### [The data]
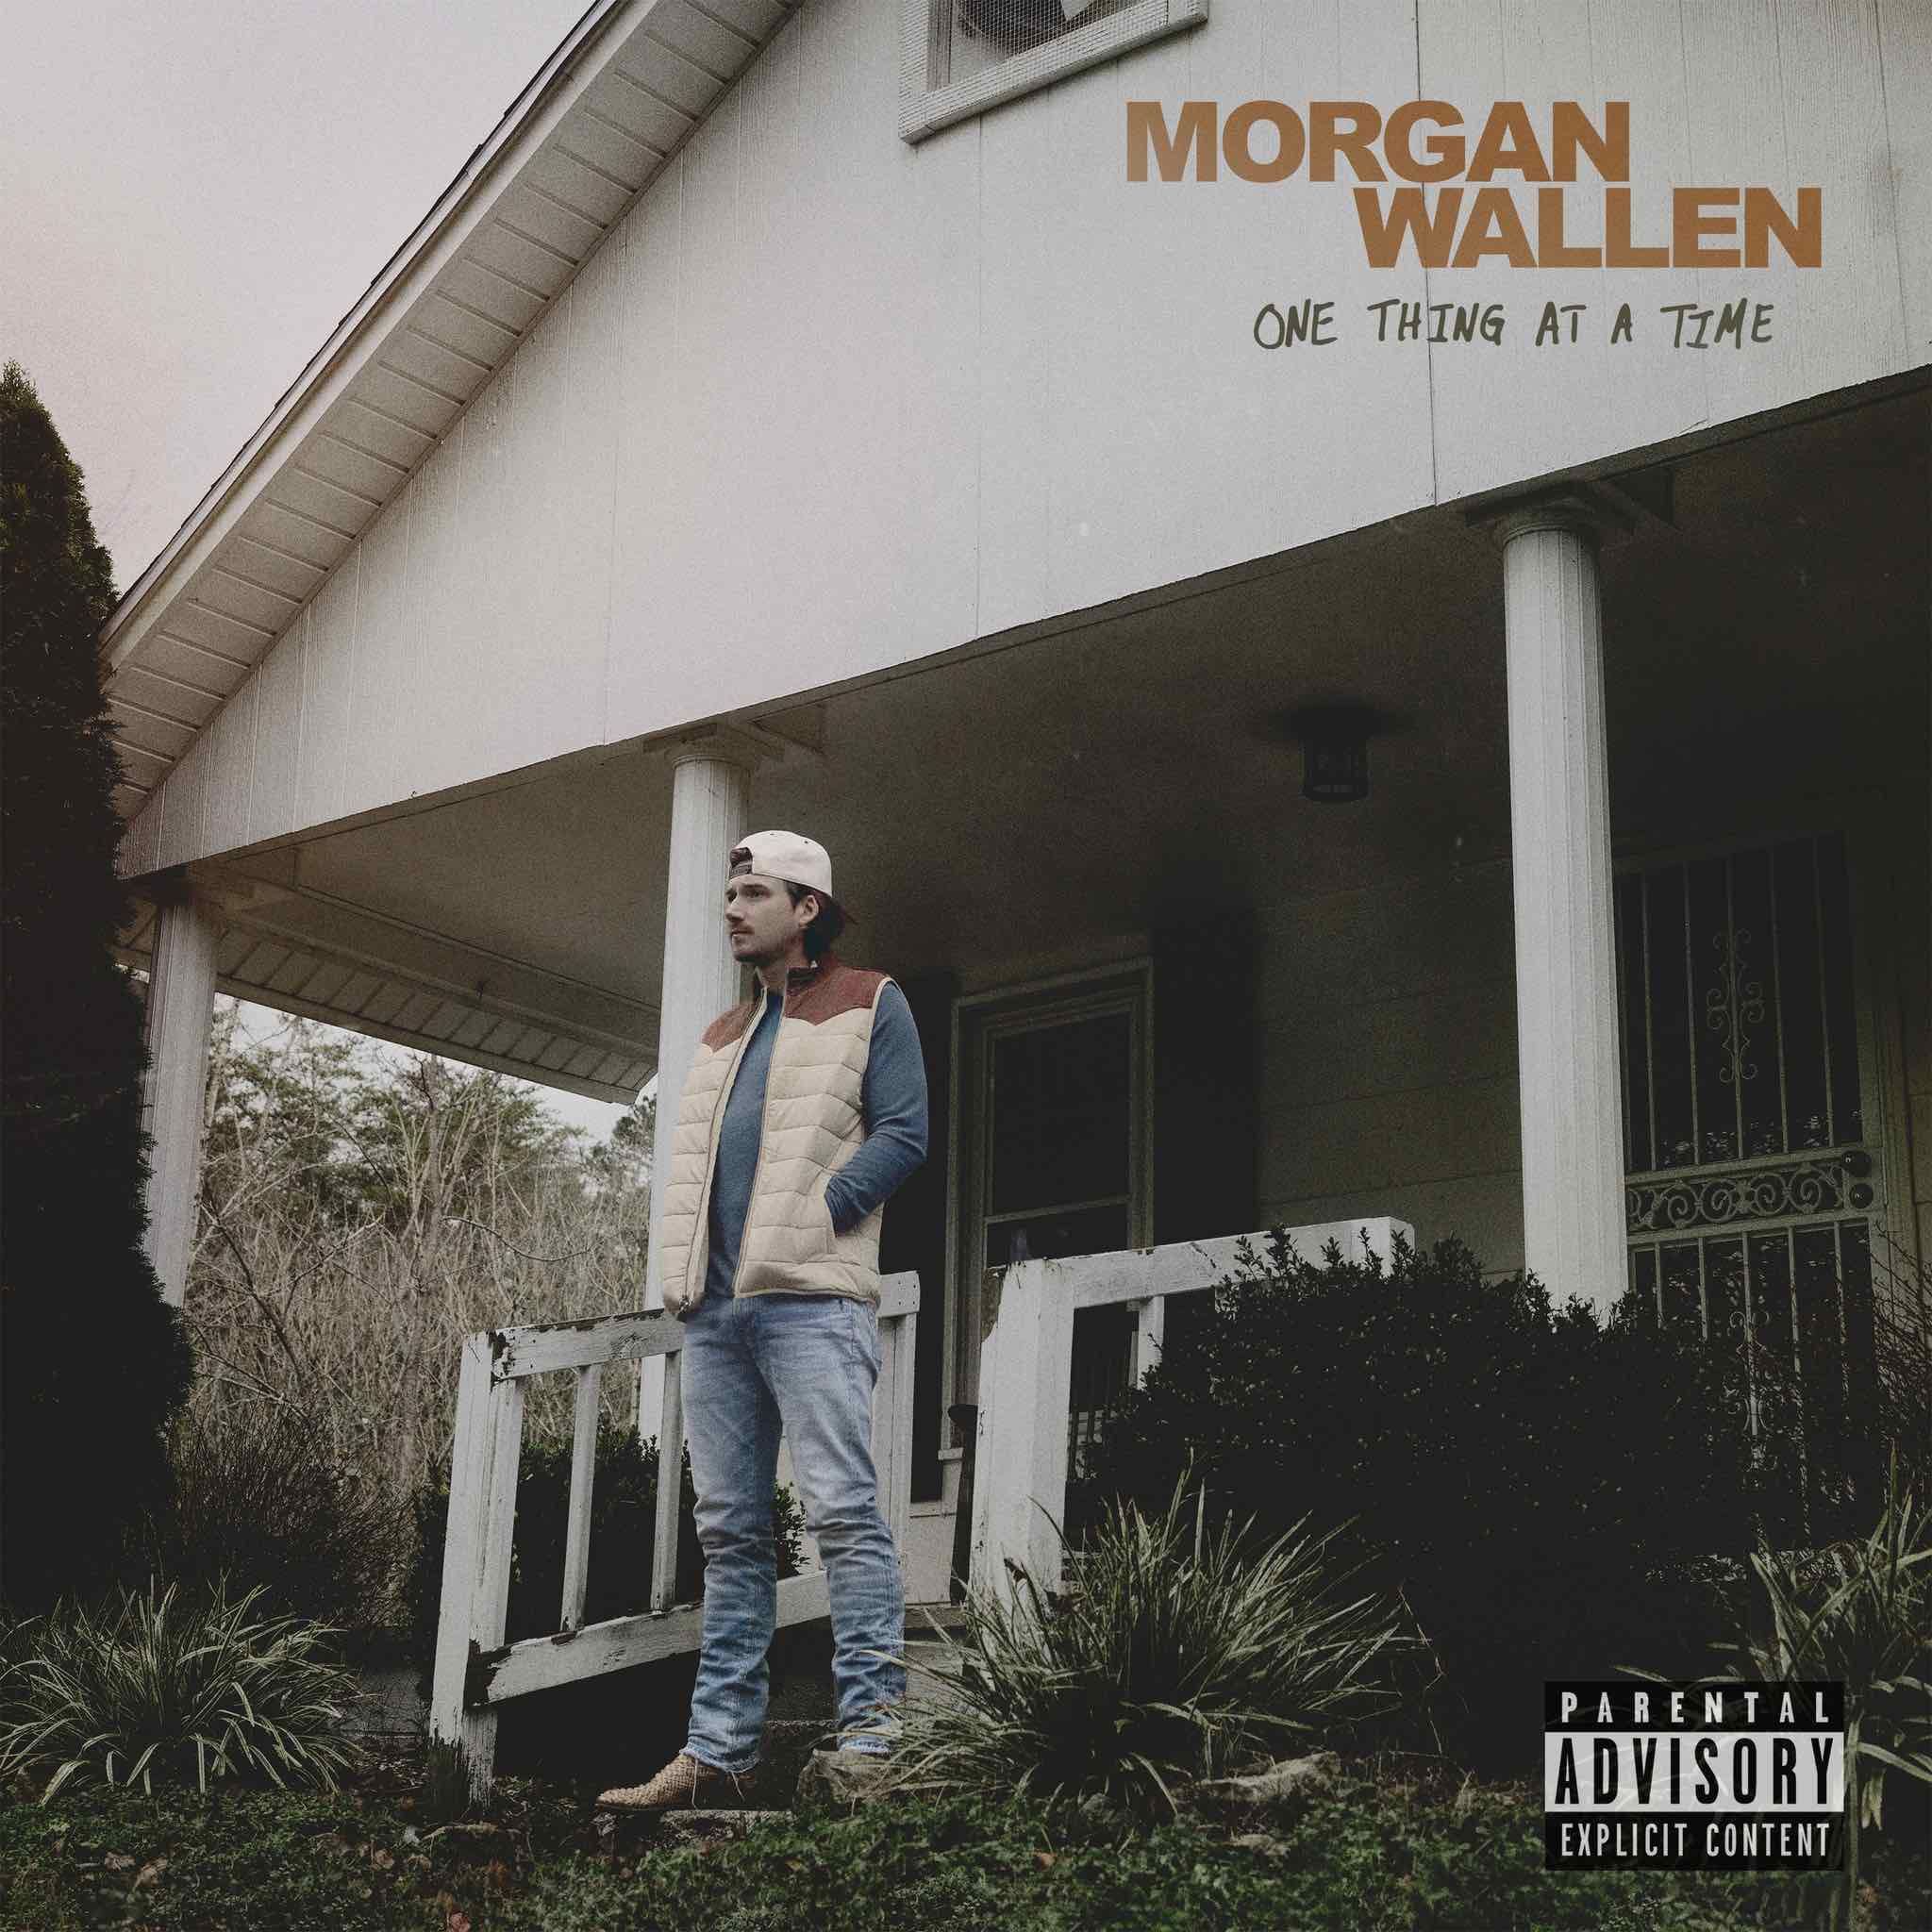 Morgan Wallen - One Thing At A Time Album Cover
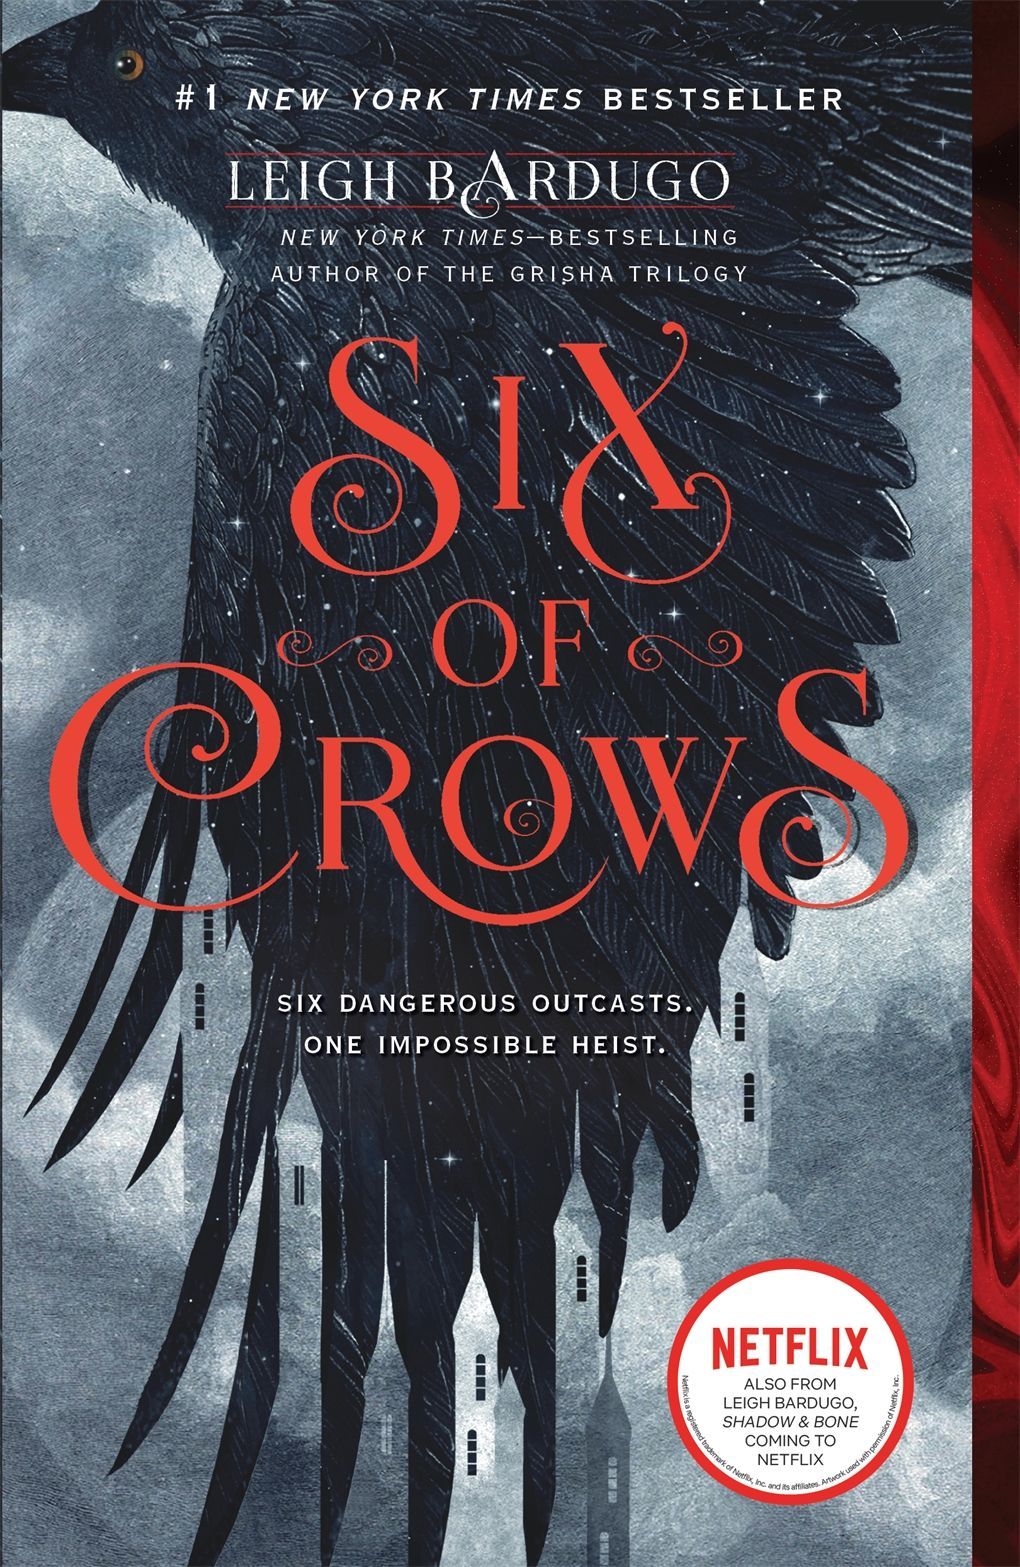 "Six of Crows"
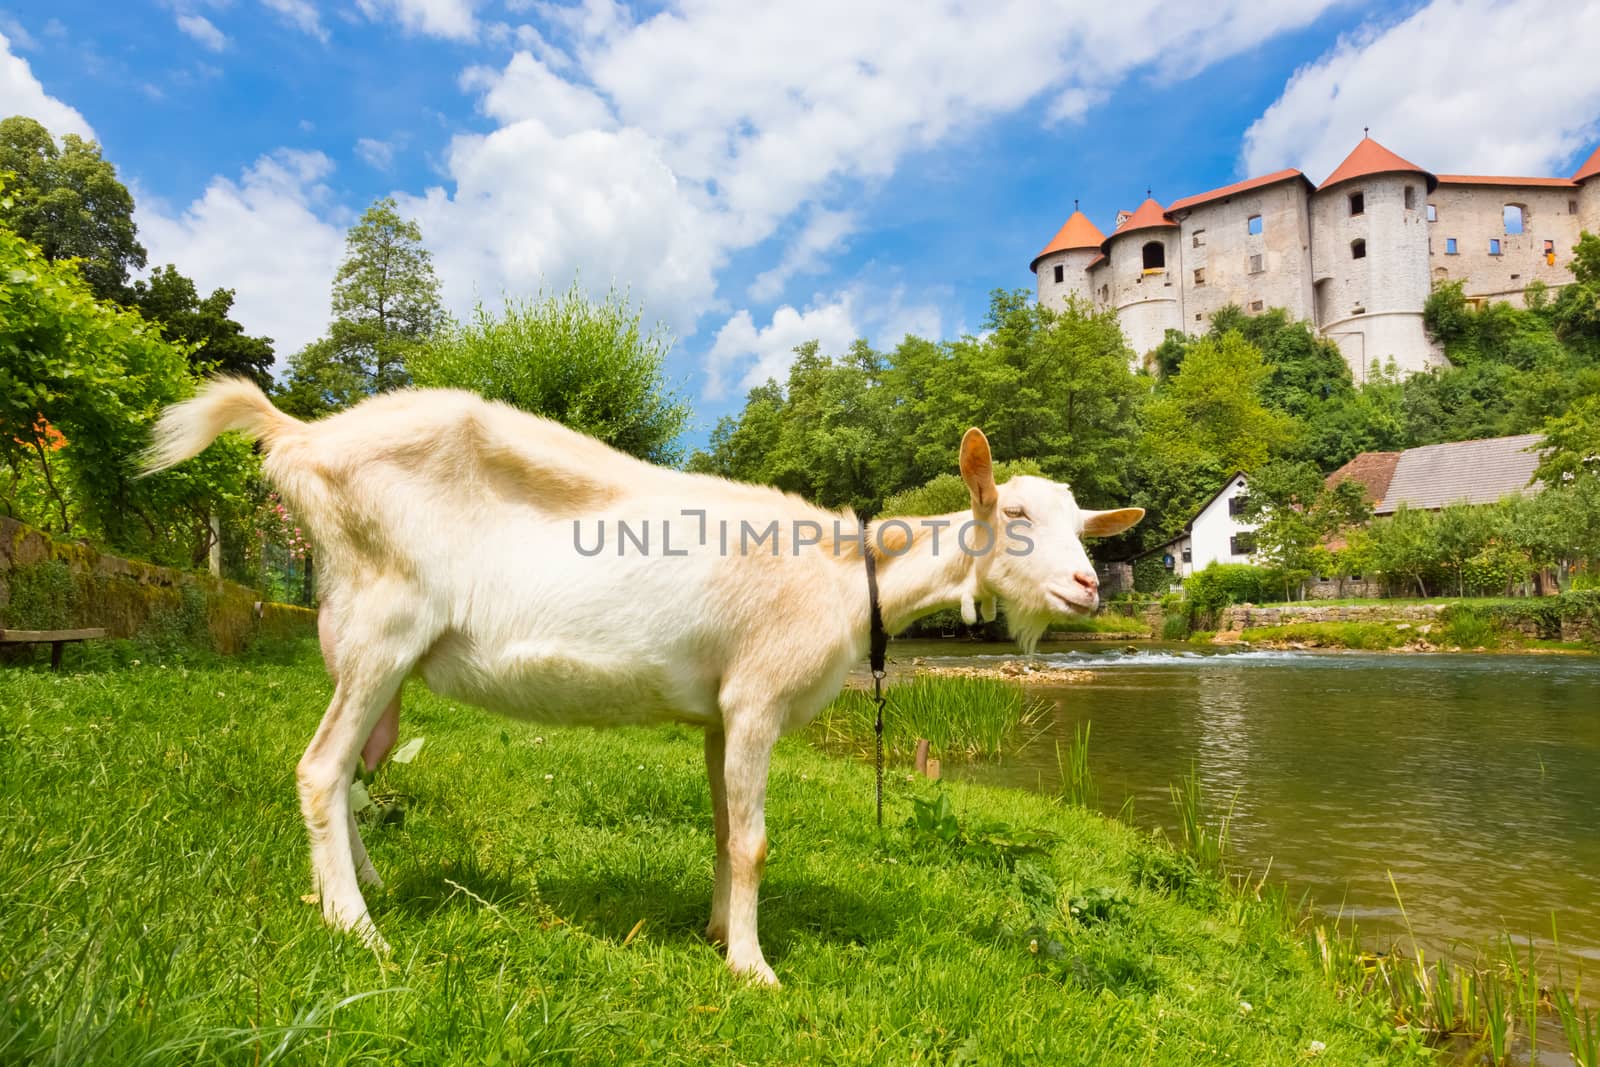 Domestic goat in front of Zuzemberk castle, tourist destination in Slovenia. Zuzemberk is also a town in the Dinaric Alps of Slovenia located south east of the Slovenian capital of Ljubljana.

### [What the task requires]
Pictures excluded, quote all the data above exactly.

### [Response to the exercise]
 Morgan Wallen - One Thing At A Time Album Cover
 "Six of Crows"
 Domestic goat in front of Zuzemberk castle, tourist destination in Slovenia. Zuzemberk is also a town in the Dinaric Alps of Slovenia located south east of the Slovenian capital of Ljubljana.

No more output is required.